Data block Start Marker

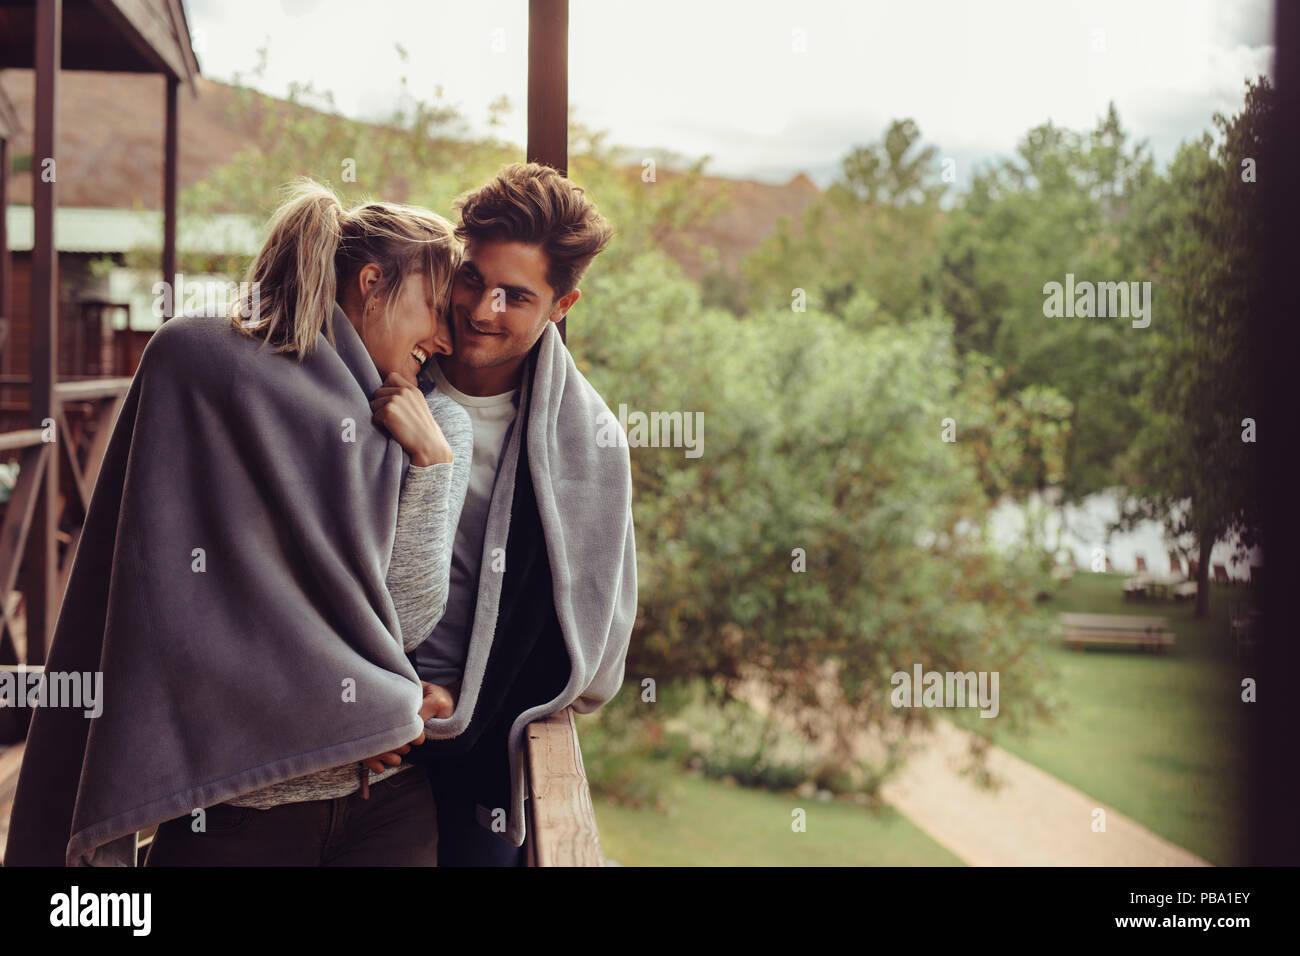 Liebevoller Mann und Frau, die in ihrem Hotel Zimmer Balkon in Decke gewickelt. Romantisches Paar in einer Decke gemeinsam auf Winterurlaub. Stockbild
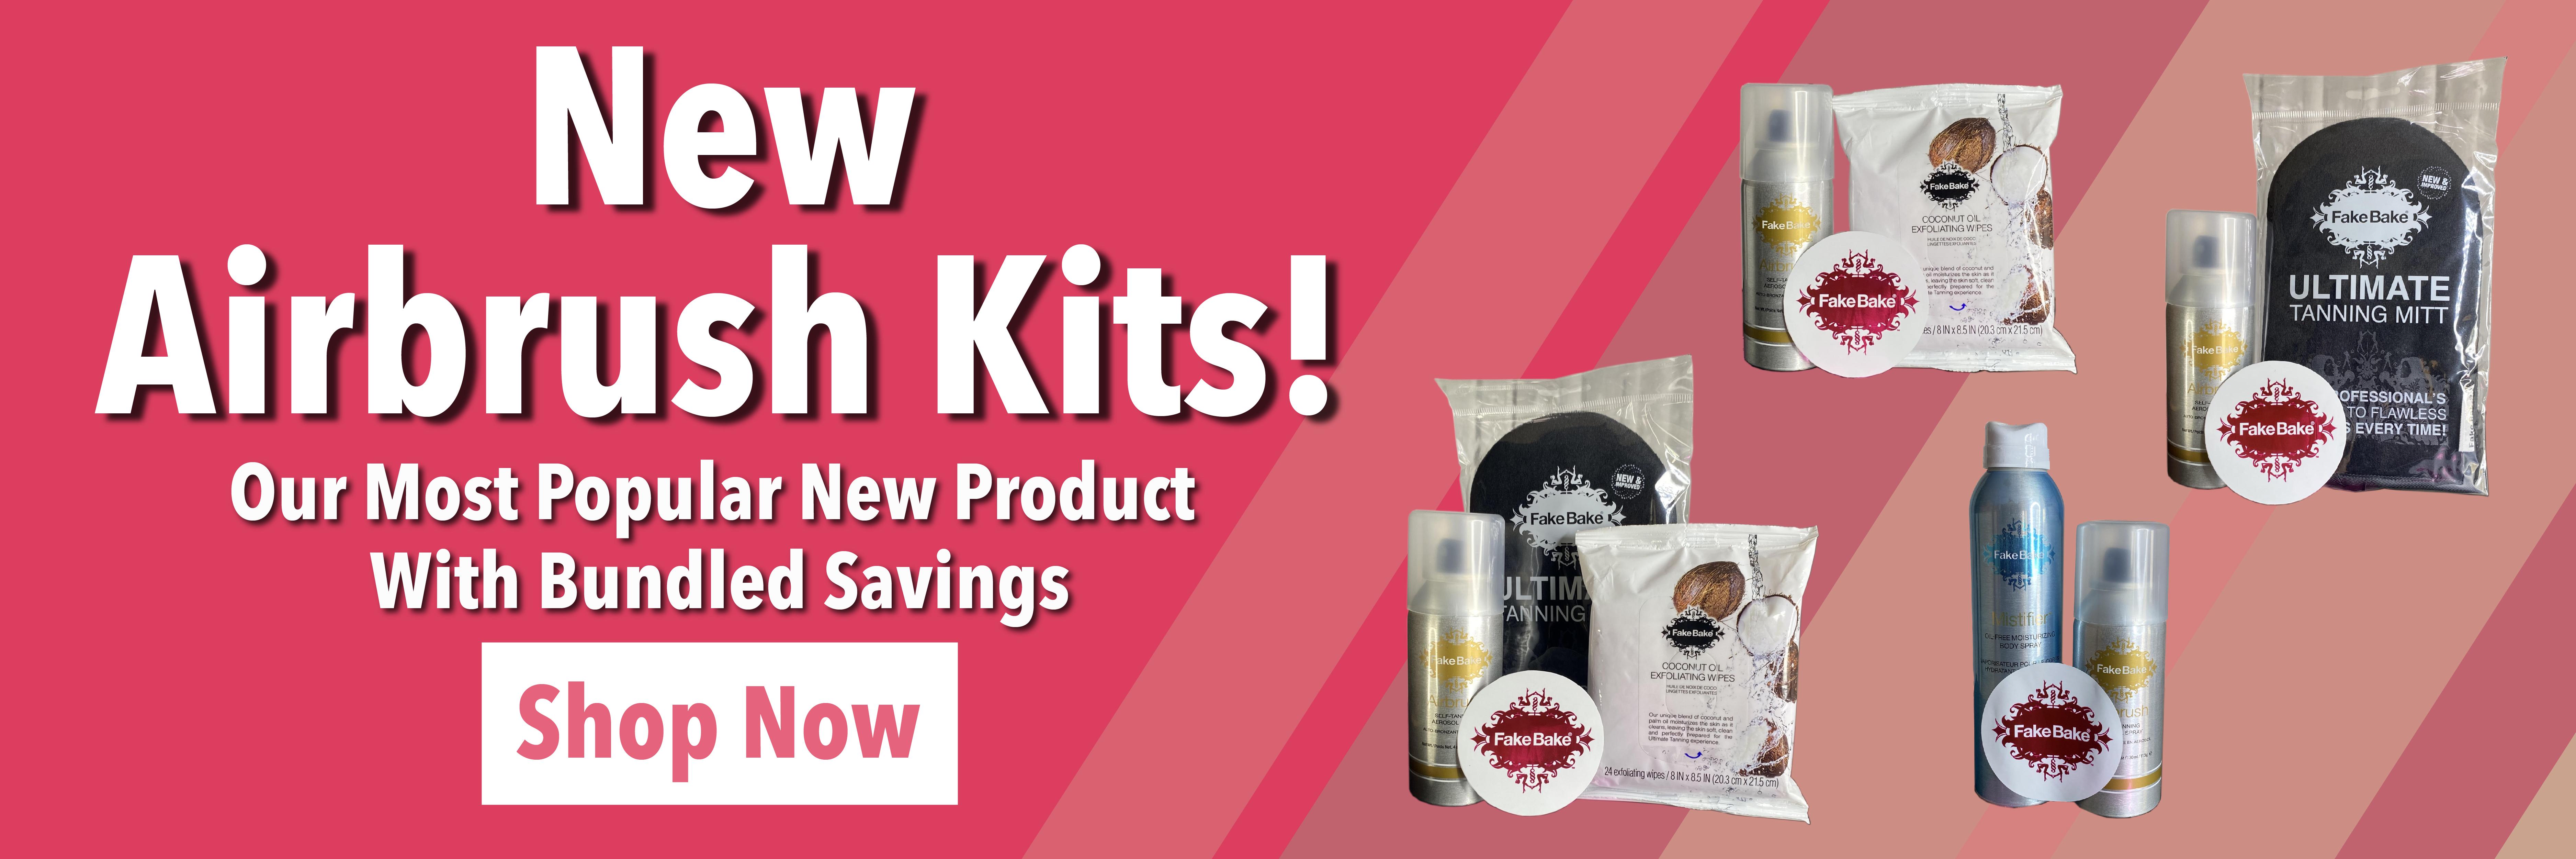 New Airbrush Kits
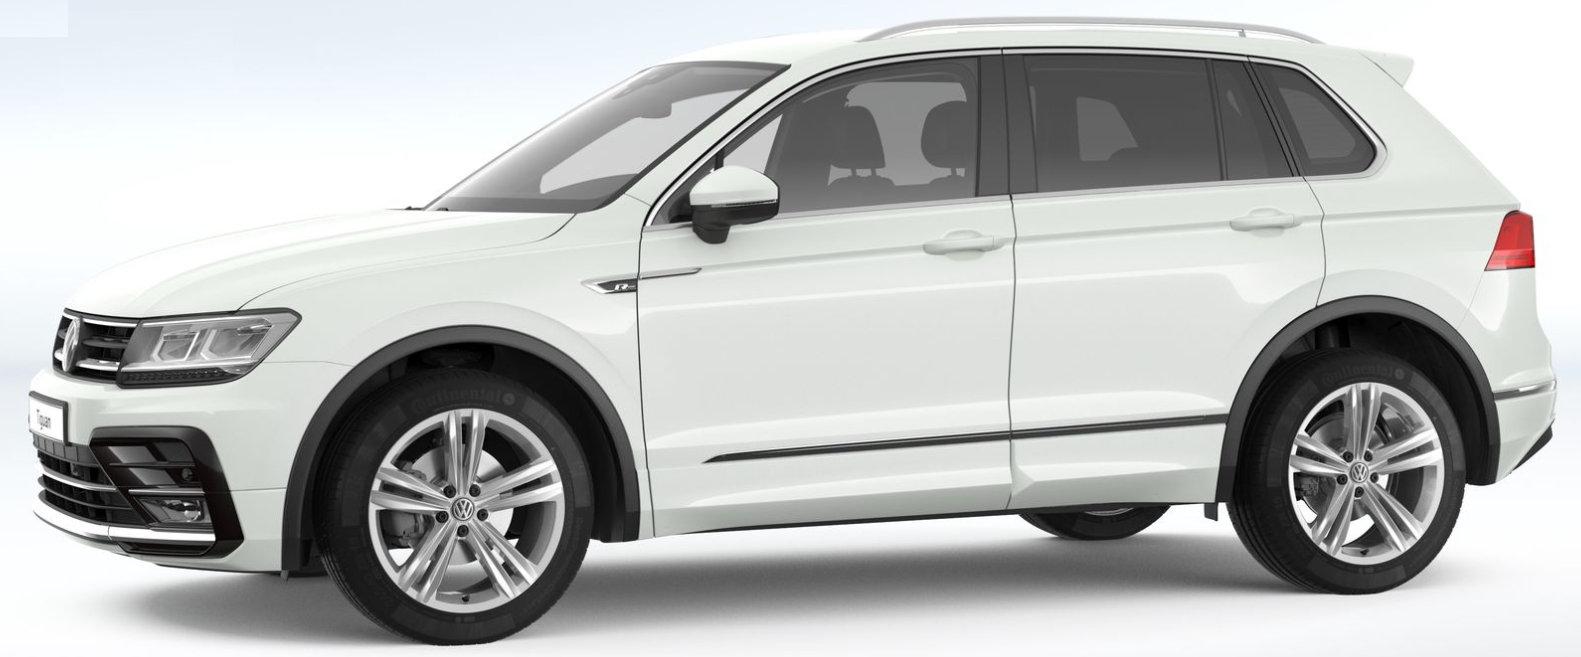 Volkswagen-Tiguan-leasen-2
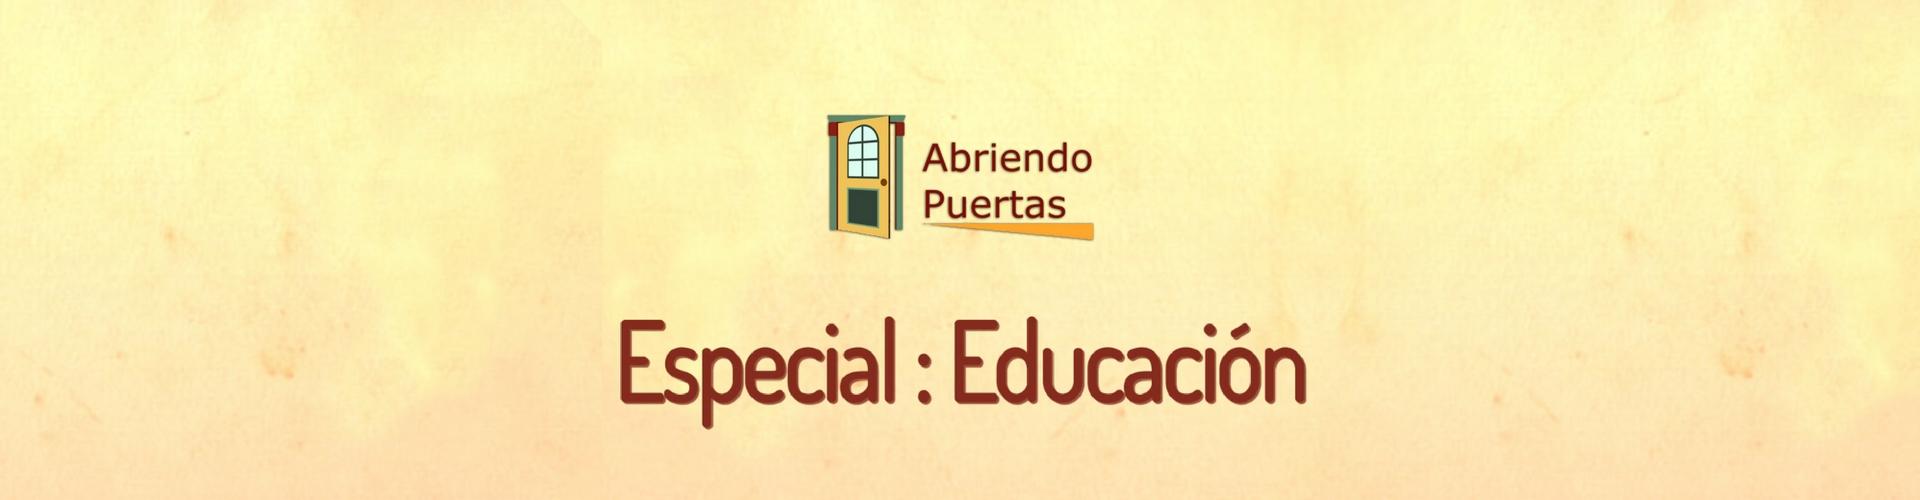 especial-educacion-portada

Data block End Marker

=== About this task ===
Everything in the listing should be repeated exactly except the pictures.

=== Solution ===
 Liebevoller Mann und Frau, die in ihrem Hotel Zimmer Balkon in Decke gewickelt. Romantisches Paar in einer Decke gemeinsam auf Winterurlaub. Stockbild
 New Airbrush Kits
 Volkswagen-Tiguan-leasen-2
 especial-educacion-portada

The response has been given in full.